Bates will justly argue that if supporters want to see the best they have to pay for it and Chelsea lack Manchester United's capacity and global reach. Yet even Chelsea's massive wage bill has its limitations and, yesterday, injuries, suspensions, and the cold-shouldering of Winston Bogarde meant Claudio Ranieri was forced to play two midfielders in defence. Emmanuel Petit, after a slow start, settled well to the role of central defender but Mario Stanic was out of place at right-back. Before half-time Graeme Le Saux had been moved from wide-left midfield to replace him.
Poor defending had left Chelsea in arrears after just eight minutes. Stanic gave away a free-kick on the edge of the box. Cresswell then escaped Celestine Babayaro to glance in Graham Alexander's cross. Three minutes later Lee Cartwright escaped down the right after a quick free-kick but Cudicini made a sharp save from Macken's shot.

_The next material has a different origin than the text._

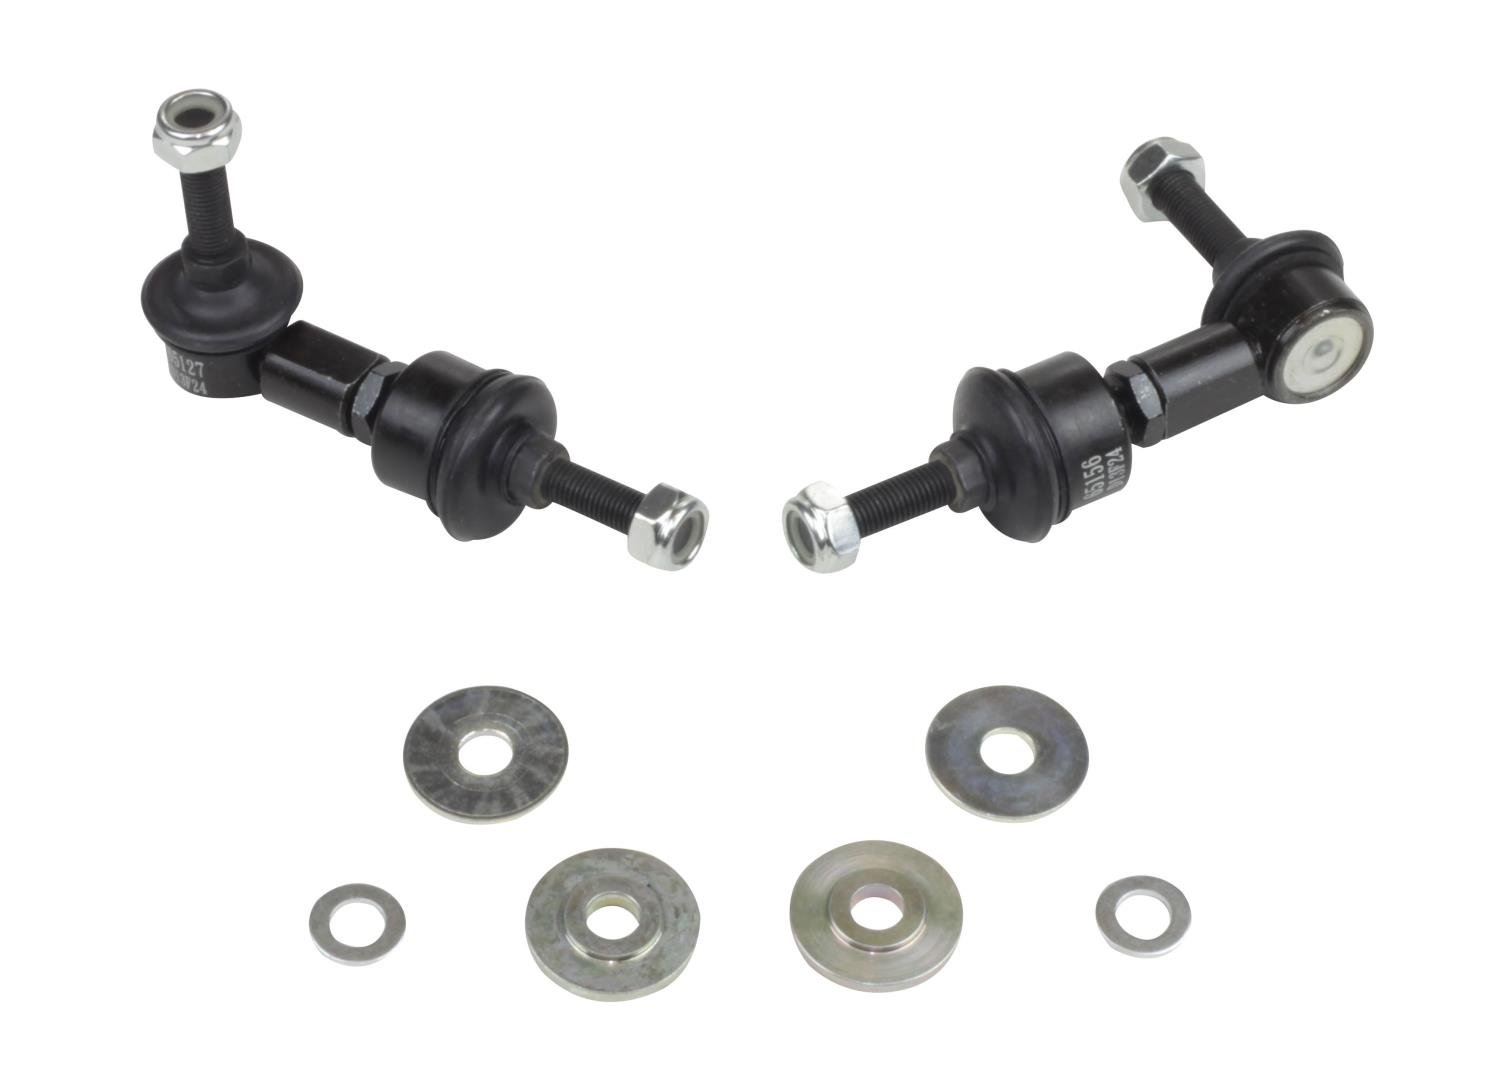 KLC109 Rear Sway Bar Link Kit-Adjustable Ball End Links for 1989-1998 Nissan 240SX S13 and S14

It was an expensive miss, for Chelsea settled and their front pair came into the game. Teuvo Moilanen twice had to rush from his goal to deny Hasselbaink and Gudjohnsen served warning with a shot across his goal. They would not be denied and, after Sam Dalla Bona released Hasselbaink, Gudjohnsen tapped in the equaliser.
Ten minutes later, during which time Petit had cleared Macken's chip off the line, Hasselbaink played a one-two with his Icelandic sidekick and drilled home his 24th of the season. The strike brought the partnership's tally to 42.
After Moilanen saved at the feet of Frank Lampard, Preston regained their early composure. The neat passing encouraged by Moyes was in evidence and Cartwright might have had a penalty when tugged by Petit.
With Chelsea's back four further discomfited by an injury to Marcel Desailly, Stanic was again press-ganged into defensive service, this time alongside Petit. He was soon booked for dissent after giving away a free-kick. What looked a good chance proved an illusion as Paul McKenna drove wide. At the other end, a Hasselbaink free-kick was parried by Moilanen as Chelsea struggled.
The game stagnated but Preston had one more shot in their locker. With a minute left Cresswell broke down the left and crossed for Macken to head goalwards, only for Cudicini to again deny him. "I thought it was in but he made a great save," Macken said. "Without that we would be in a replay," added Petit.
Moilanen joined the fray for the corner but could only volley the ball in the air. When it came down Le Saux found Forssell and, while Preston's defence delayed the Finn long enough for the keeper to get back, it made no difference. The last time Preston were drawn here in the FA Cup, in 1969, the game was abandoned after the floodlights failed. This time only the visitors were left in the dark.
Goals: Cresswell (8) 0-1; Gudjohnsen (15) 1-1; Hasselbaink (24) 2-1; Forssell (90) 3-1.
Chelsea (4-4-2): Cudicini; Stanic, Desailly (Morris, 69), Petit, Babayaro; Zola (Keenan, 85), Lampard, Dalla Bona, Le Saux; Hasselbaink, Gudjohnsen (Forssell, 75). Substitutes not used: De Goey (gk), Jokanovic.
Preston North End (4-4-2): Moilanen; Alexander, Lucketti, Gregan, Edwards; Cartwright (Gudjonsson, 81), McKenna, Keane, Anderson (Healy, 64); Macken, Cresswell. Substitutes not used: Lucas (gk), Eaton, Skora.
Referee: R Styles (Waterlooville).
Bookings: Chelsea: Hasselbaink, Stanic, Petit. Preston North End: Cresswell, Gregan.
Men of the match: Hasselbaink and Cudicini.